■ **YOUR TASK**
Please copy, exactly as written, the span from the first line below to the line that contains "Gráfico que compara", including both, and skip the pictures.

■ **RAW DATA**
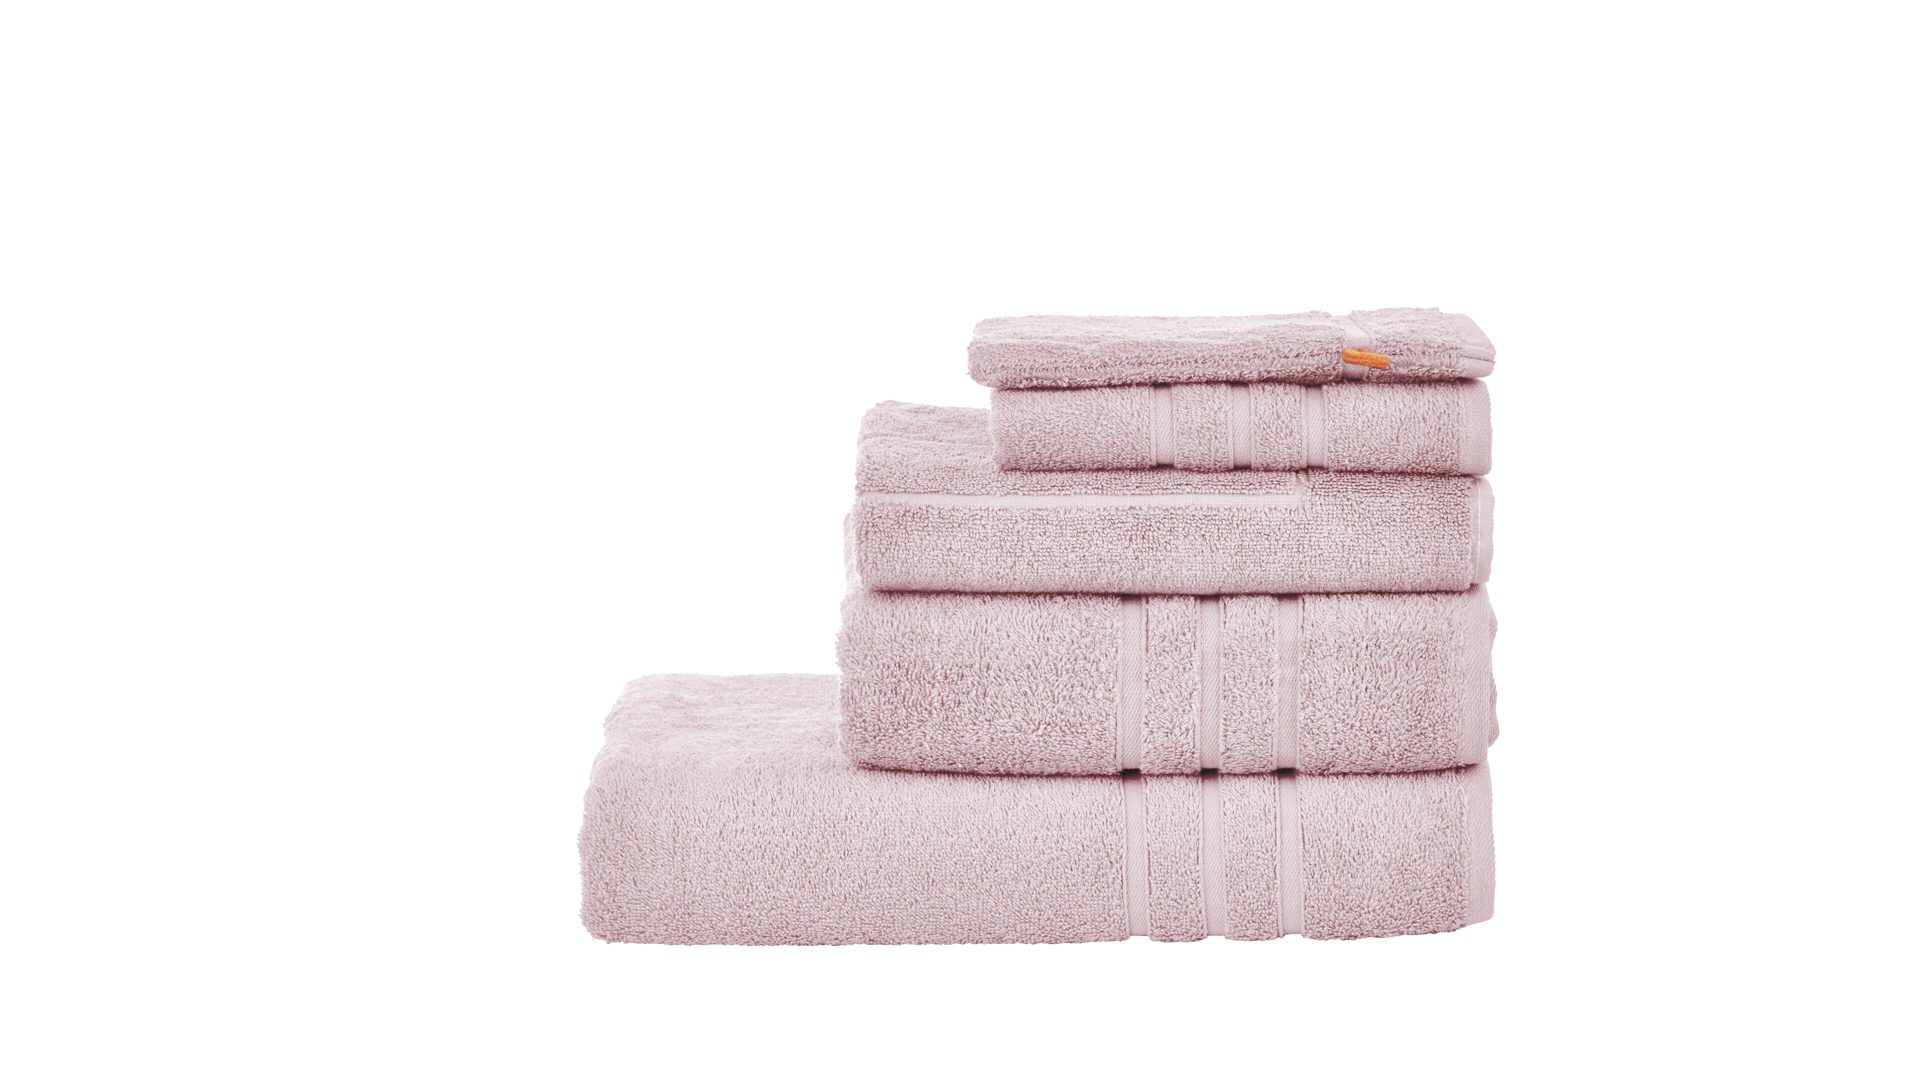 Handtuch-Set Done by karabel home company aus Stoff in Pastellfarben Done Handtuch-Set Daily Uni altrosafarben Baumwolle – fünfteilig
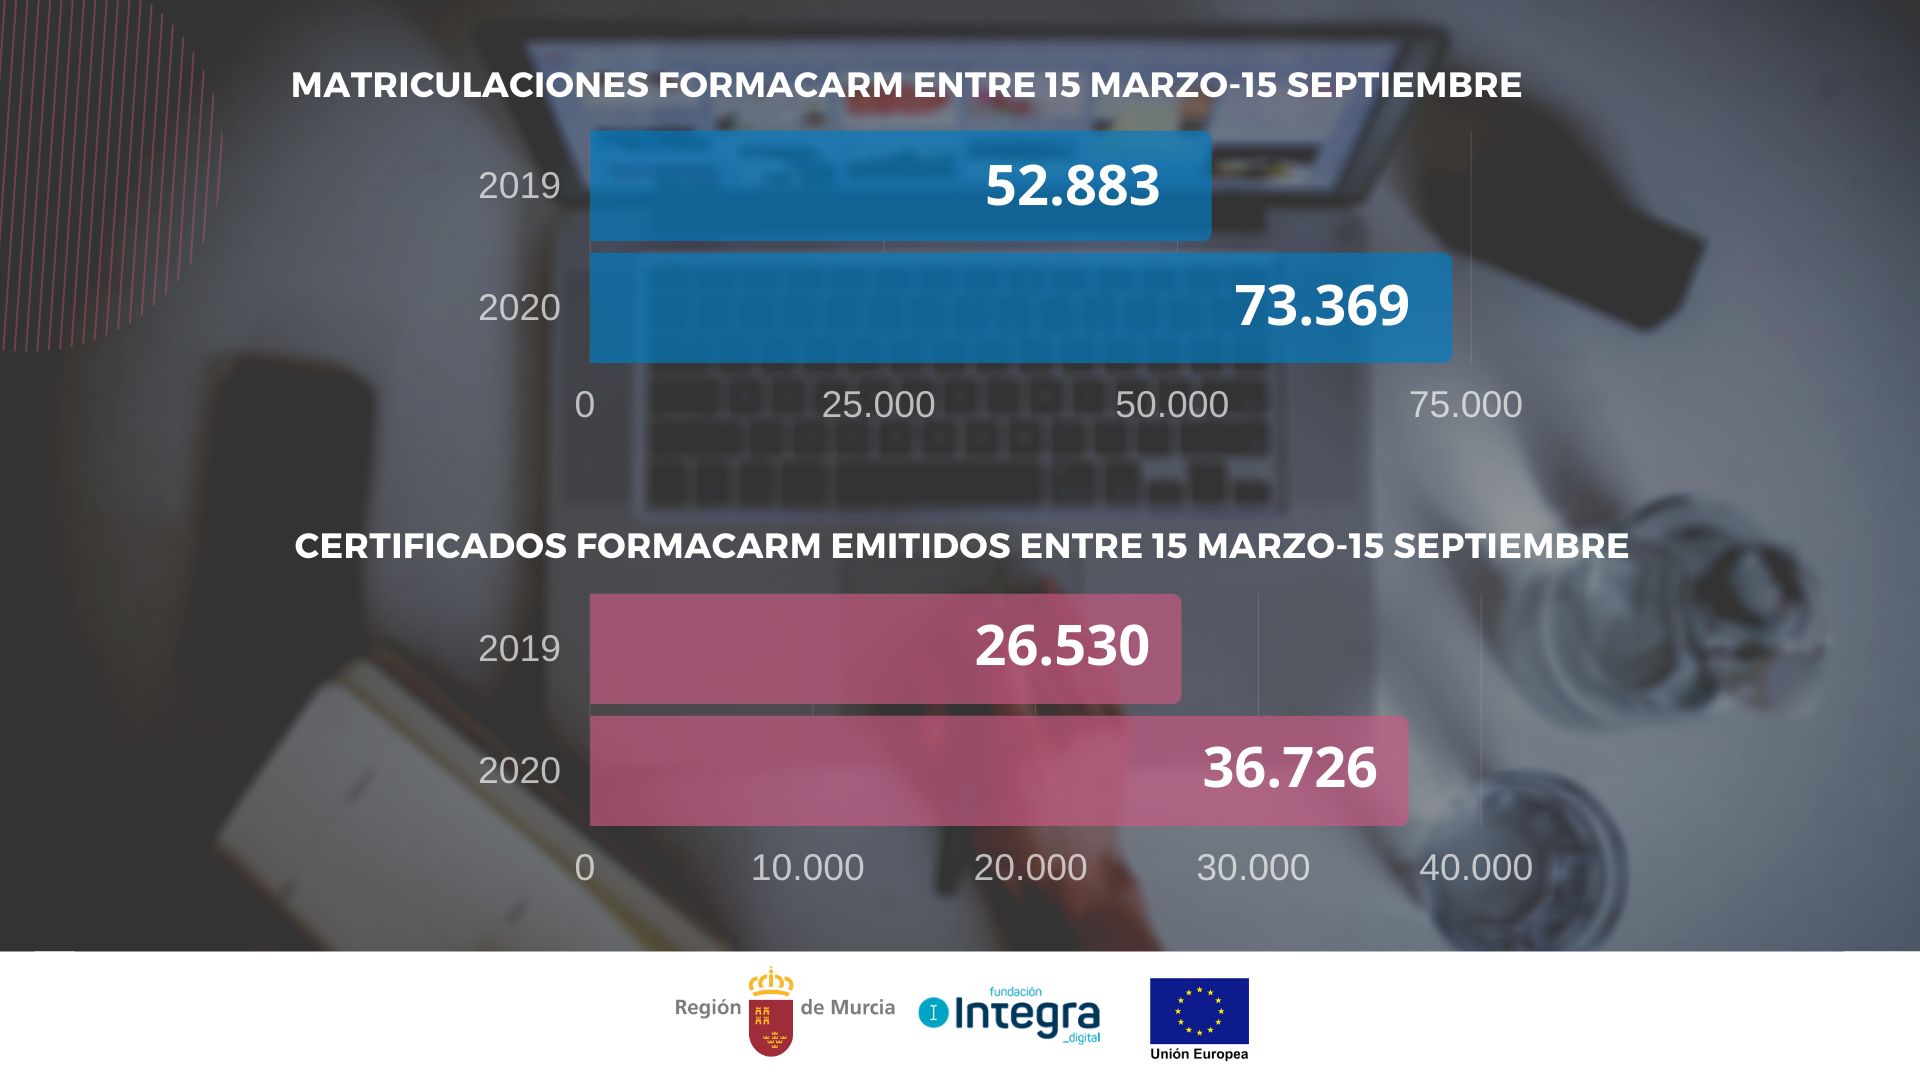 Gráfico que compara los datos de matriculaciones y de certificados emitidos por Formacarm entre el 15 de marzo y el 15 de septiembre de 2019 y 2020
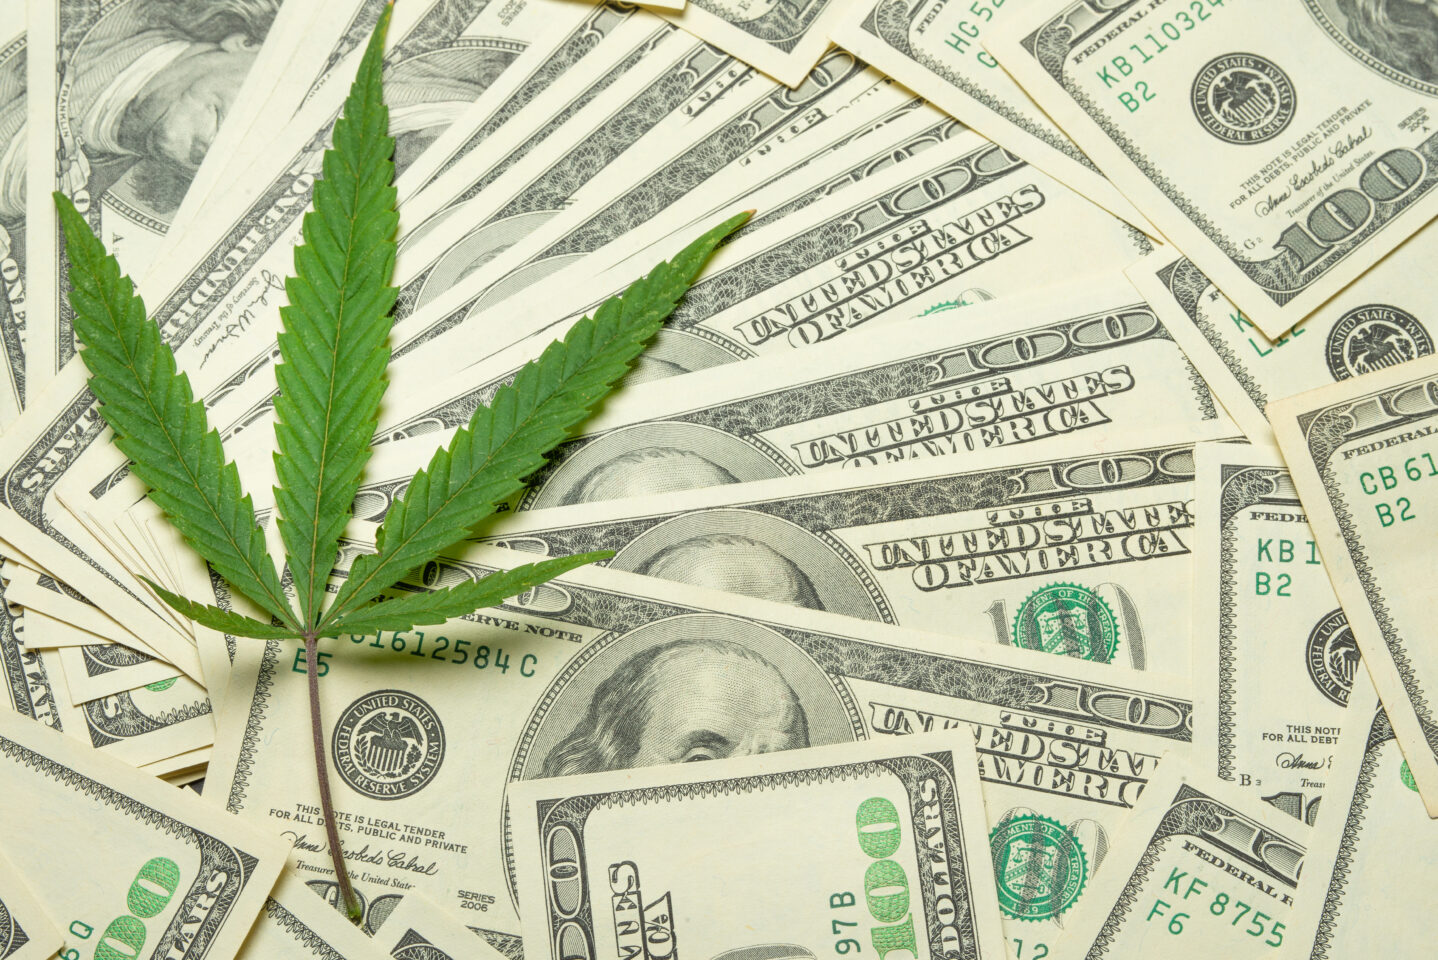 St. Louis nie zebrało 500,000 XNUMX dolarów z podatku od marihuany

■ **OUTPUT FOR THIS EXERCISE**
 Handtuch-Set Done by karabel home company aus Stoff in Pastellfarben Done Handtuch-Set Daily Uni altrosafarben Baumwolle – fünfteilig
 Gráfico que compara los datos de matriculaciones y de certificados emitidos por Formacarm entre el 15 de marzo y el 15 de septiembre de 2019 y 2020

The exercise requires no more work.